The consensus among the many experienced gardeners at GardenWeb is that ordinary 40-watt fluorescent bulbs, in standard "shoplight" type fixtures (inexpensive and widely available at home-improvement and general retail stores) are adequate for the home gardener starting seeds indoors.
Lights marketed as "growlights" or "plantlights" ,etc.,produce more red and blue light than regular fluorescents,but are often very expensive,sometimes downright exorbitant.
Many gardeners recommend using one "warm"(usually sold as "kitchen and bath" or "soft" lights,and having more of the red and/or blue wavelengths) and one "cool"(regular) bulb in each fixture to provide a "fuller spectrum" of light. An explanation of how plants use light may be useful here.
Light,whether from the sun or artificial sources,consists of varying wavelengths of radiant energy. In their normal state our eyes perceive these wavelengths together as "white light". Everyone is familiar with the spectrum of colors made visible when white light is refracted by water droplets to produce a rainbow.
Plants mainly use the red and blue wavelengths of light.
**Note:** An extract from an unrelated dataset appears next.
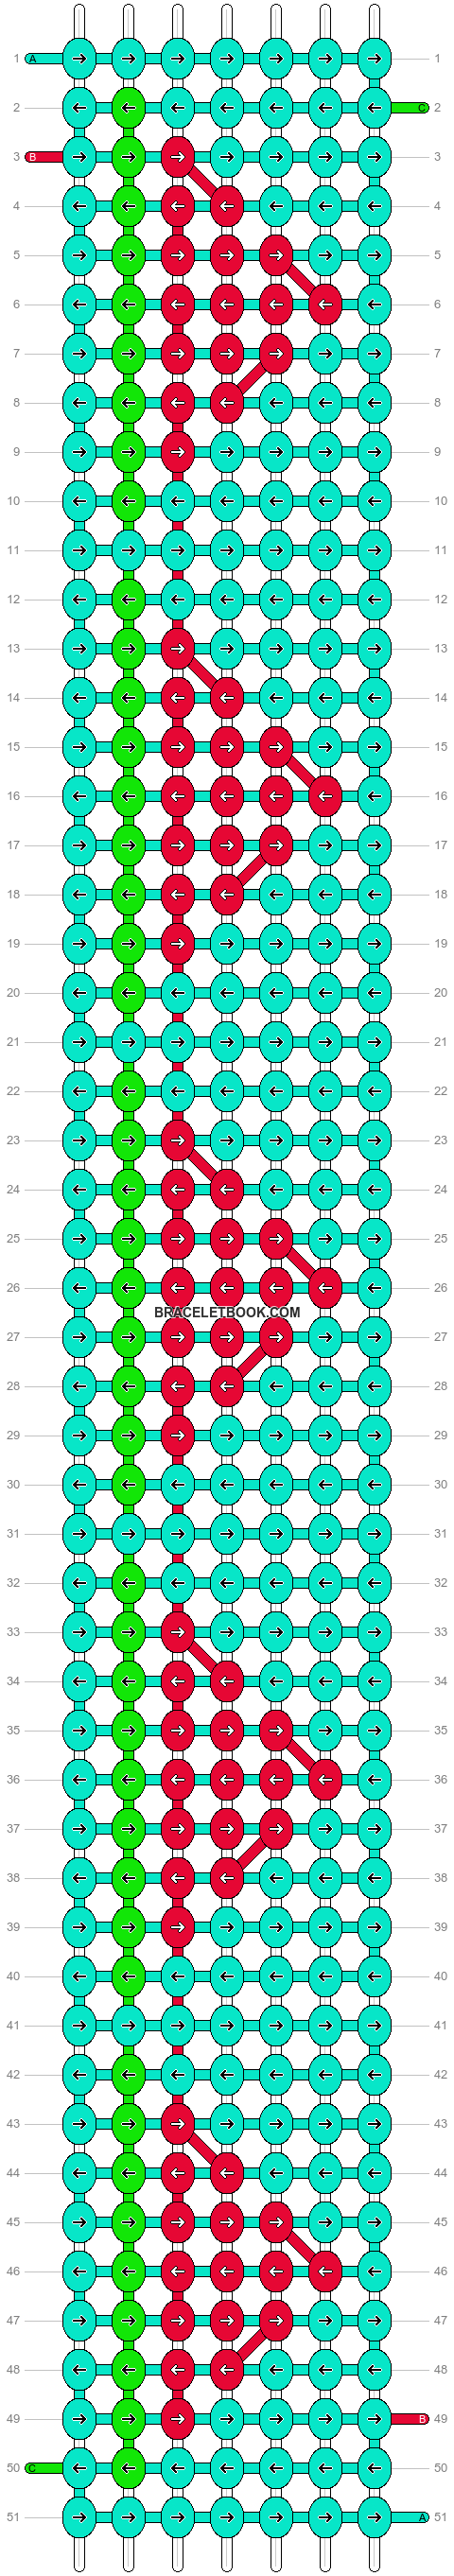 Alpha pattern #73198 pattern

Red is utilized in photosynthesis(how the plant produces it's food), blue influences the hormone systems that control growth.
It would seem that extra red and blue wavelengths in a light source would be beneficial, but in practice,at least in growing seedlings, intensity of light seems to be more important than spectrum. The much-higher cost of special "growlights" does not necessarily produce better seedlings!
The combination of a warm and cool bulb makes sense,but if cost is a factor(warm bulbs cost up to 3 times as much as regular tubes), standard fluorescents will work just fine.